What is expected =
Output all of the records exactly, word for word.

========

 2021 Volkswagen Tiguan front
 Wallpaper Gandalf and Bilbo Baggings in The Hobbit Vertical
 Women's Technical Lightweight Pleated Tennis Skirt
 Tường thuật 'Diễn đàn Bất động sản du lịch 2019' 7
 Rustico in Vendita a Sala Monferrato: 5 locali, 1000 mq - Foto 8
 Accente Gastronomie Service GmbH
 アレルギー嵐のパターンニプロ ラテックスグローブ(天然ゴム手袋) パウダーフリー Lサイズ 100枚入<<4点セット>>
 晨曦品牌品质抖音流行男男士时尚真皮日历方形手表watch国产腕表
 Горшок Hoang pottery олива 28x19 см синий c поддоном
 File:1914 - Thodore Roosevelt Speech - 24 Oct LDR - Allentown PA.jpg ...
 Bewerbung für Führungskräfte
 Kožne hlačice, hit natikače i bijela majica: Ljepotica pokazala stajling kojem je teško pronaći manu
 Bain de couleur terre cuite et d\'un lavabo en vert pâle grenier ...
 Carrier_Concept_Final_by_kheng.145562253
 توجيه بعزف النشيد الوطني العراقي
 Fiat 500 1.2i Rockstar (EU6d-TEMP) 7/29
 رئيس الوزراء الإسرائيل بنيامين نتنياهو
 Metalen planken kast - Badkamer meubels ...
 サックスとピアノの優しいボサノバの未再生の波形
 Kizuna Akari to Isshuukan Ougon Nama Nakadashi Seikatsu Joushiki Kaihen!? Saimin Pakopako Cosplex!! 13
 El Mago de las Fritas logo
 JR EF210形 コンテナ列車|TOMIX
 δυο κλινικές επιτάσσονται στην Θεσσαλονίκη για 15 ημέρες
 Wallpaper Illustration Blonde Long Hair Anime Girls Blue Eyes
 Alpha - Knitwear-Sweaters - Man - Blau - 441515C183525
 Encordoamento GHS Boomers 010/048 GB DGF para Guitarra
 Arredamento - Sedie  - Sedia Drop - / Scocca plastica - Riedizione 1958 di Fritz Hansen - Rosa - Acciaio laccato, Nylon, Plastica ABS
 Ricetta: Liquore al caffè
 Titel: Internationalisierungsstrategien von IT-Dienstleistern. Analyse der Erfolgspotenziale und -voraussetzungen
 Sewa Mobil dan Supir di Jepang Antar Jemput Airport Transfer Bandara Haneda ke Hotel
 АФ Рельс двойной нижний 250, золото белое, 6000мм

========

Answer to this problem =
 2021 Volkswagen Tiguan front
 Wallpaper Gandalf and Bilbo Baggings in The Hobbit Vertical
 Women's Technical Lightweight Pleated Tennis Skirt
 Tường thuật 'Diễn đàn Bất động sản du lịch 2019' 7
 Rustico in Vendita a Sala Monferrato: 5 locali, 1000 mq - Foto 8
 Accente Gastronomie Service GmbH
 アレルギー嵐のパターンニプロ ラテックスグローブ(天然ゴム手袋) パウダーフリー Lサイズ 100枚入<<4点セット>>
 晨曦品牌品质抖音流行男男士时尚真皮日历方形手表watch国产腕表
 Горшок Hoang pottery олива 28x19 см синий c поддоном
 File:1914 - Thodore Roosevelt Speech - 24 Oct LDR - Allentown PA.jpg ...
 Bewerbung für Führungskräfte
 Kožne hlačice, hit natikače i bijela majica: Ljepotica pokazala stajling kojem je teško pronaći manu
 Bain de couleur terre cuite et d\'un lavabo en vert pâle grenier ...
 Carrier_Concept_Final_by_kheng.145562253
 توجيه بعزف النشيد الوطني العراقي
 Fiat 500 1.2i Rockstar (EU6d-TEMP) 7/29
 رئيس الوزراء الإسرائيل بنيامين نتنياهو
 Metalen planken kast - Badkamer meubels ...
 サックスとピアノの優しいボサノバの未再生の波形
 Kizuna Akari to Isshuukan Ougon Nama Nakadashi Seikatsu Joushiki Kaihen!? Saimin Pakopako Cosplex!! 13
 El Mago de las Fritas logo
 JR EF210形 コンテナ列車|TOMIX
 δυο κλινικές επιτάσσονται στην Θεσσαλονίκη για 15 ημέρες
 Wallpaper Illustration Blonde Long Hair Anime Girls Blue Eyes
 Alpha - Knitwear-Sweaters - Man - Blau - 441515C183525
 Encordoamento GHS Boomers 010/048 GB DGF para Guitarra
 Arredamento - Sedie  - Sedia Drop - / Scocca plastica - Riedizione 1958 di Fritz Hansen - Rosa - Acciaio laccato, Nylon, Plastica ABS
 Ricetta: Liquore al caffè
 Titel: Internationalisierungsstrategien von IT-Dienstleistern. Analyse der Erfolgspotenziale und -voraussetzungen
 Sewa Mobil dan Supir di Jepang Antar Jemput Airport Transfer Bandara Haneda ke Hotel
 АФ Рельс двойной нижний 250, золото белое, 6000мм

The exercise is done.